— Data for the task —

========================================================================

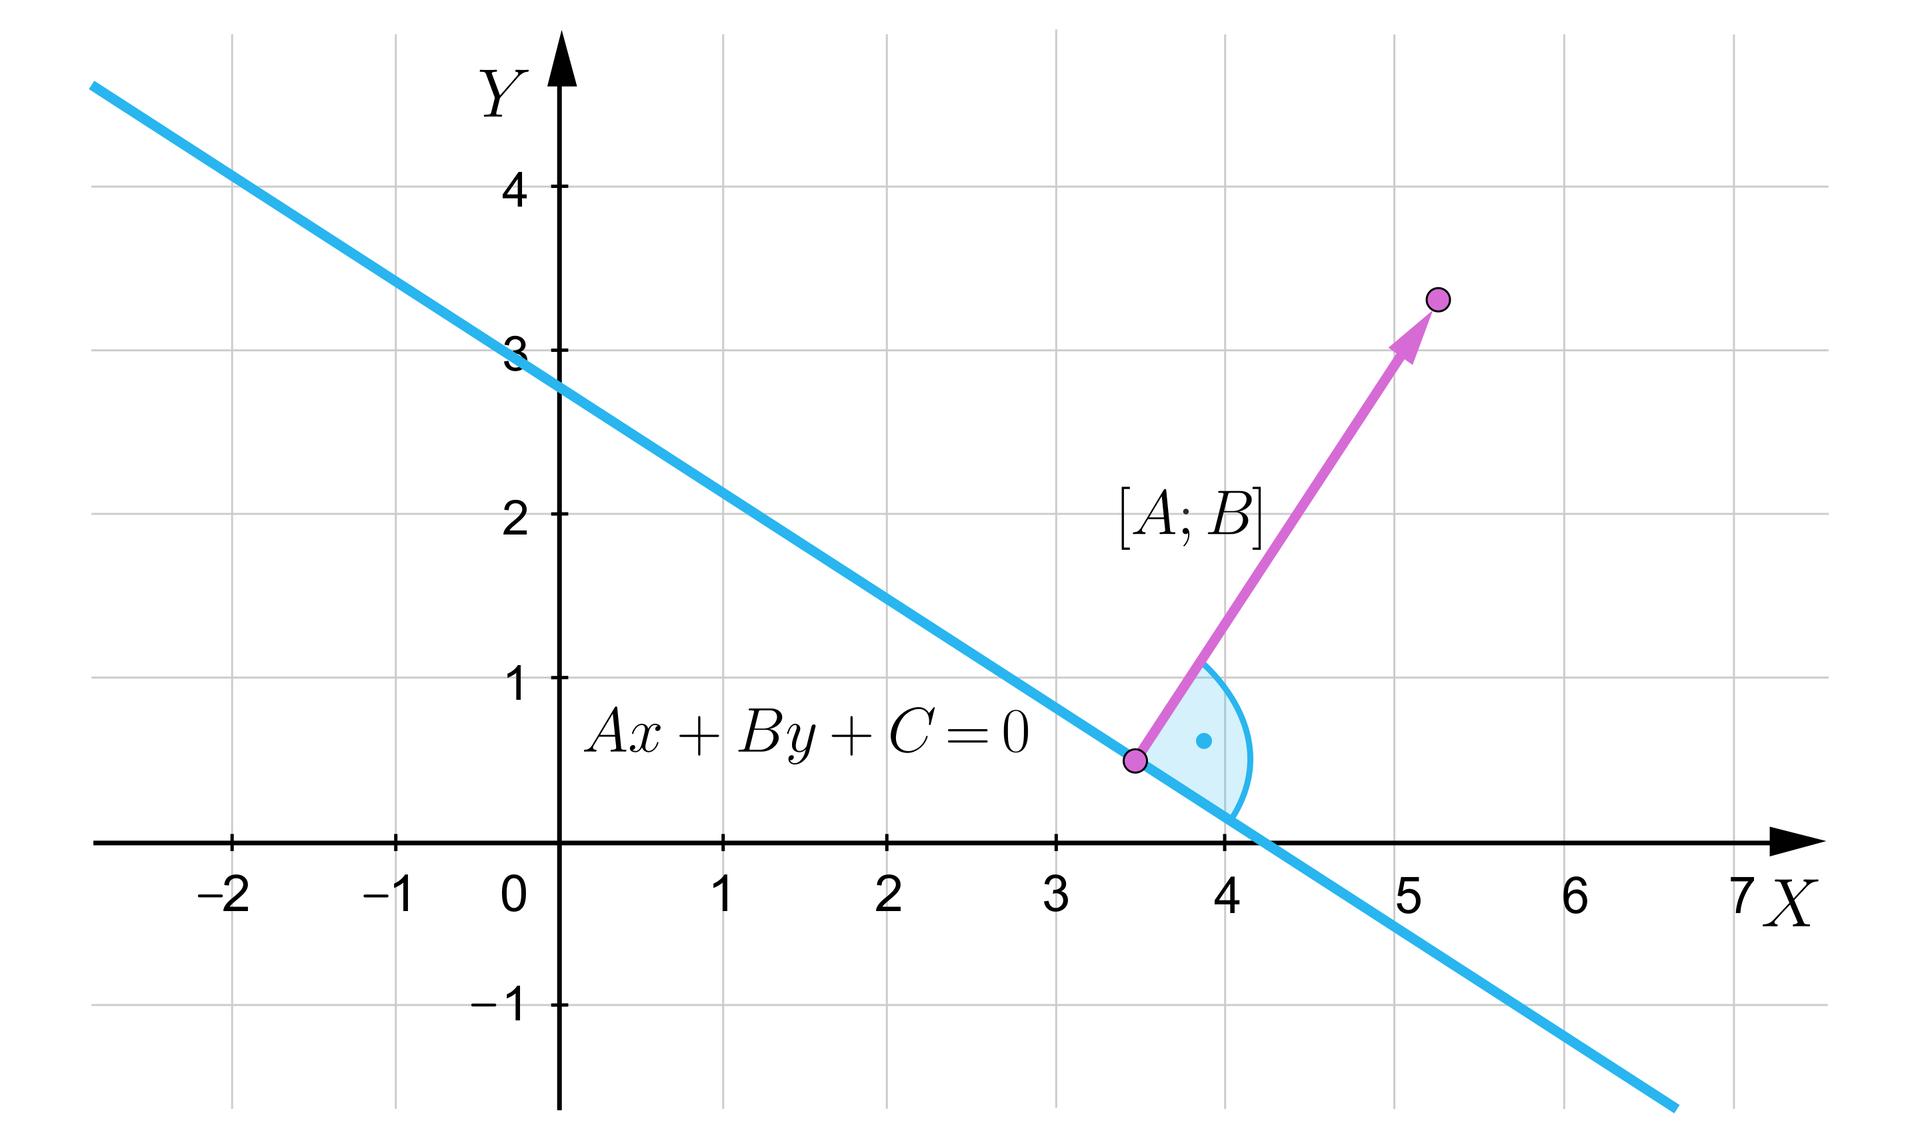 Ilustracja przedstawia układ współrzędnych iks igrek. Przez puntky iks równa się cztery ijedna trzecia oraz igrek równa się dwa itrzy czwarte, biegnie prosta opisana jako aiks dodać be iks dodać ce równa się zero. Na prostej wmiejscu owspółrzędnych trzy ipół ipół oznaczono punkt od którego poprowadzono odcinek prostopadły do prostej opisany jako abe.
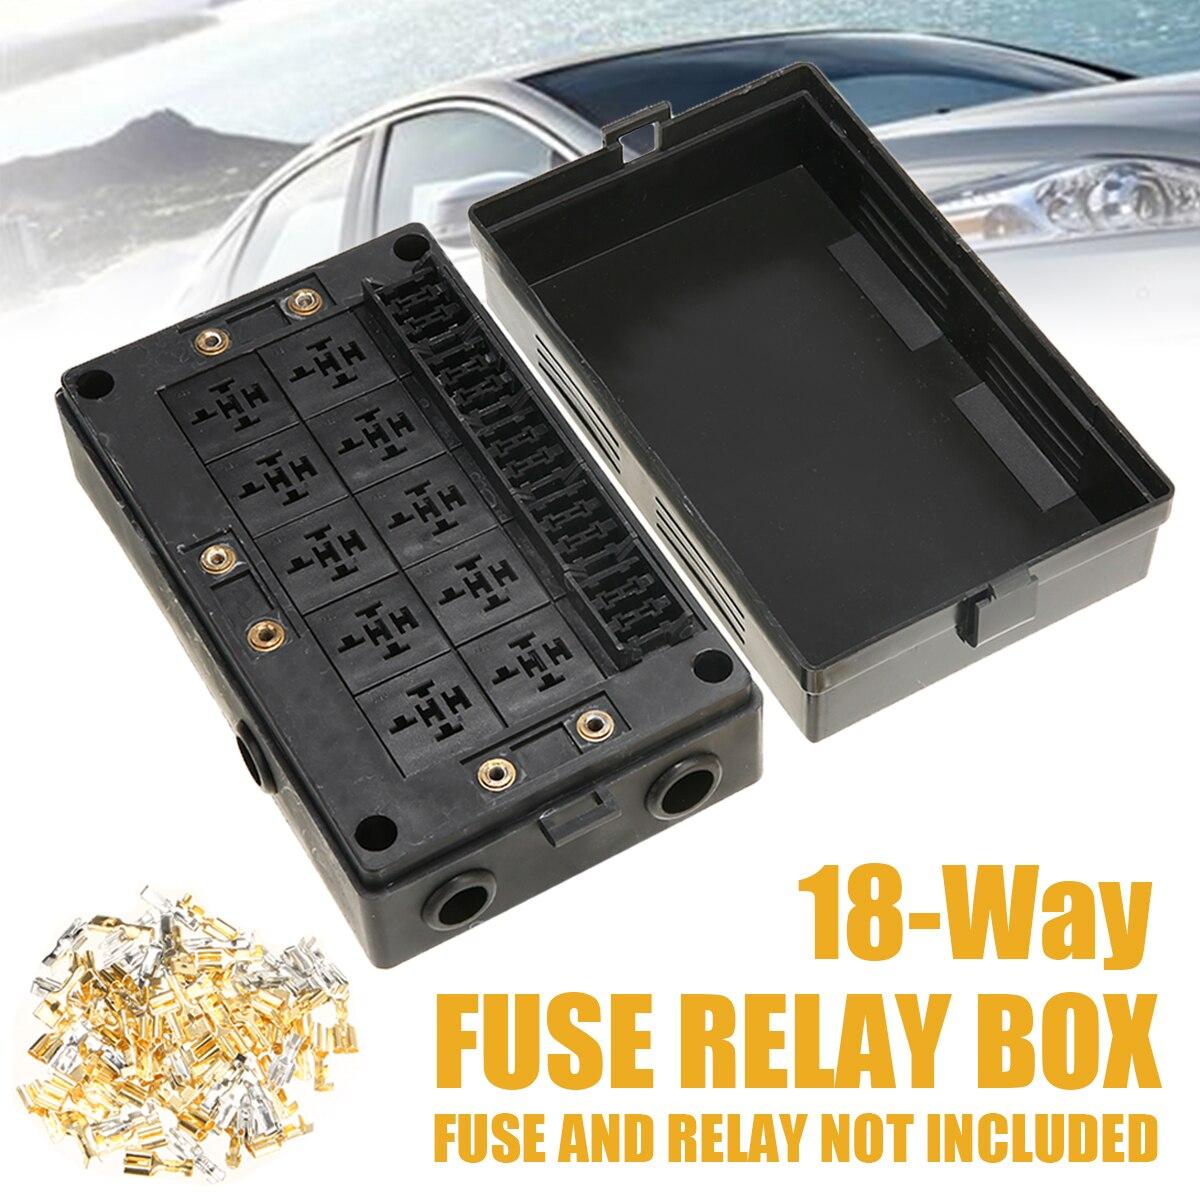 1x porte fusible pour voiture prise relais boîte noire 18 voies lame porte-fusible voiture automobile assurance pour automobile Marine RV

========================================================================

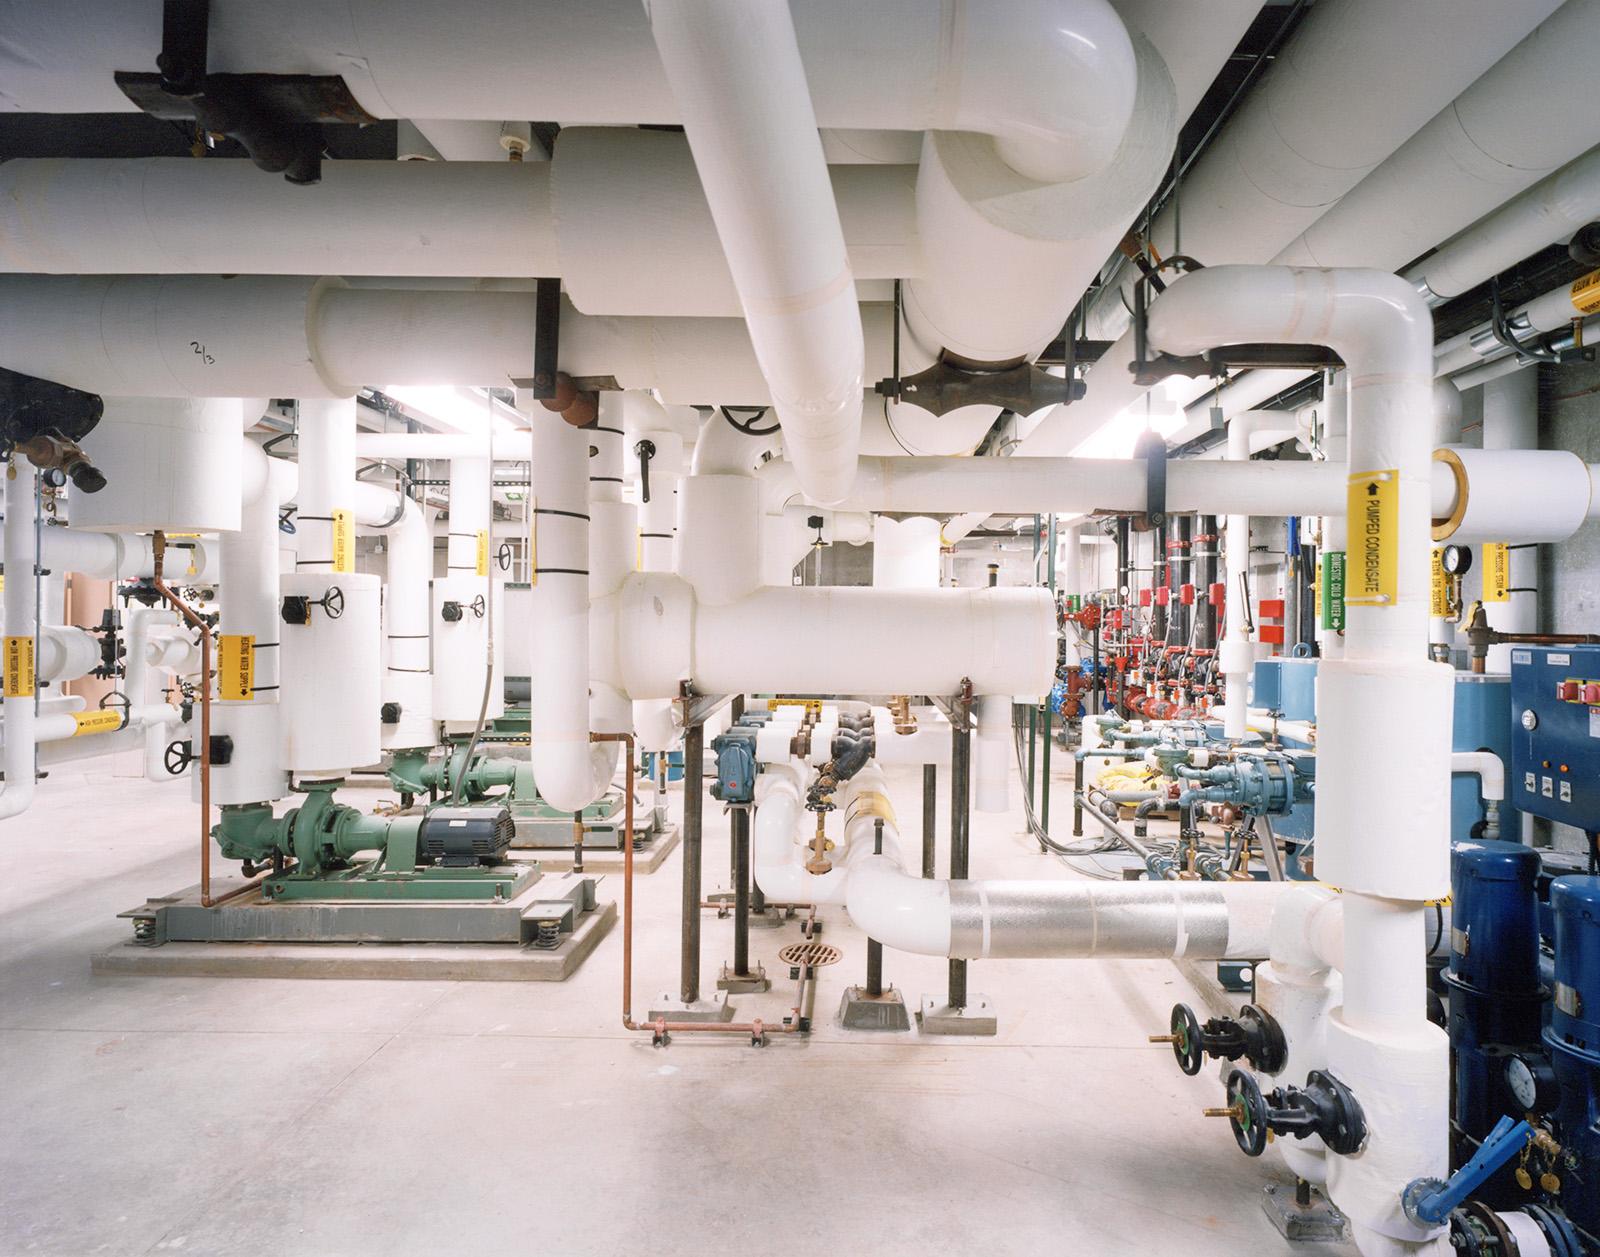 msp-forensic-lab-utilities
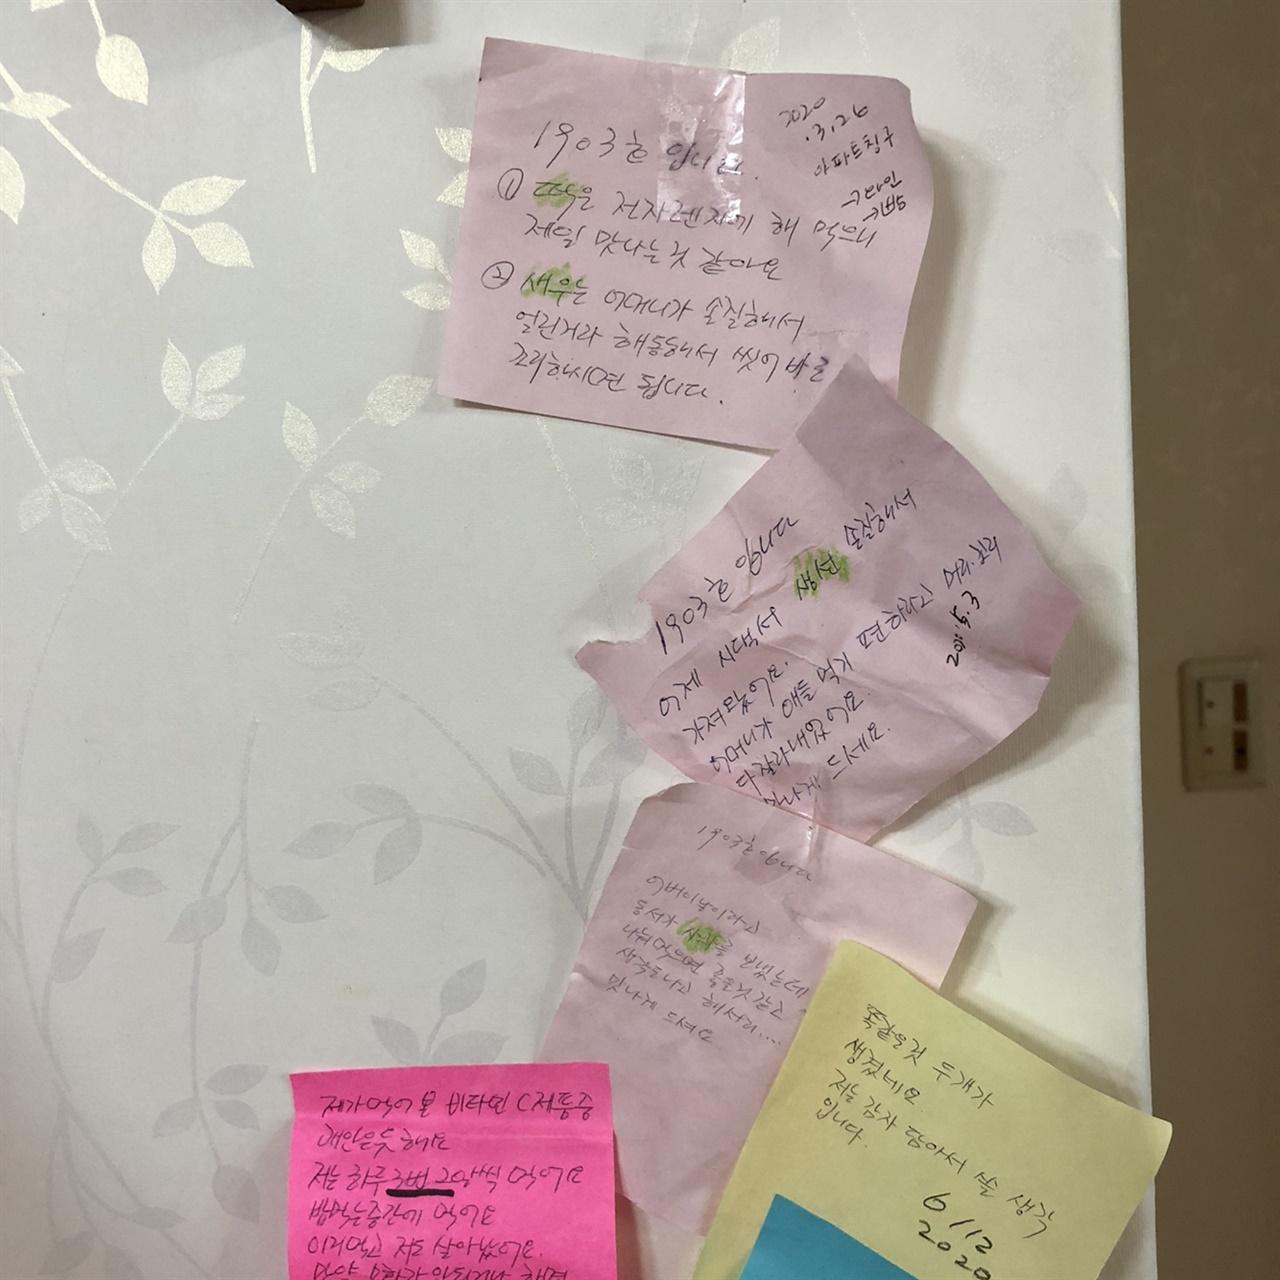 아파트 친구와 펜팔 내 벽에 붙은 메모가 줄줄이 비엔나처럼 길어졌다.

========================================================================

— About this exercise —
Restate word for word every line from the one with "Ilustracja przedstawia układ" up to and including the one with "1x porte fusible" in the records above, minus the pictures.

— Worked solution —
 Ilustracja przedstawia układ współrzędnych iks igrek. Przez puntky iks równa się cztery ijedna trzecia oraz igrek równa się dwa itrzy czwarte, biegnie prosta opisana jako aiks dodać be iks dodać ce równa się zero. Na prostej wmiejscu owspółrzędnych trzy ipół ipół oznaczono punkt od którego poprowadzono odcinek prostopadły do prostej opisany jako abe.
 1x porte fusible pour voiture prise relais boîte noire 18 voies lame porte-fusible voiture automobile assurance pour automobile Marine RV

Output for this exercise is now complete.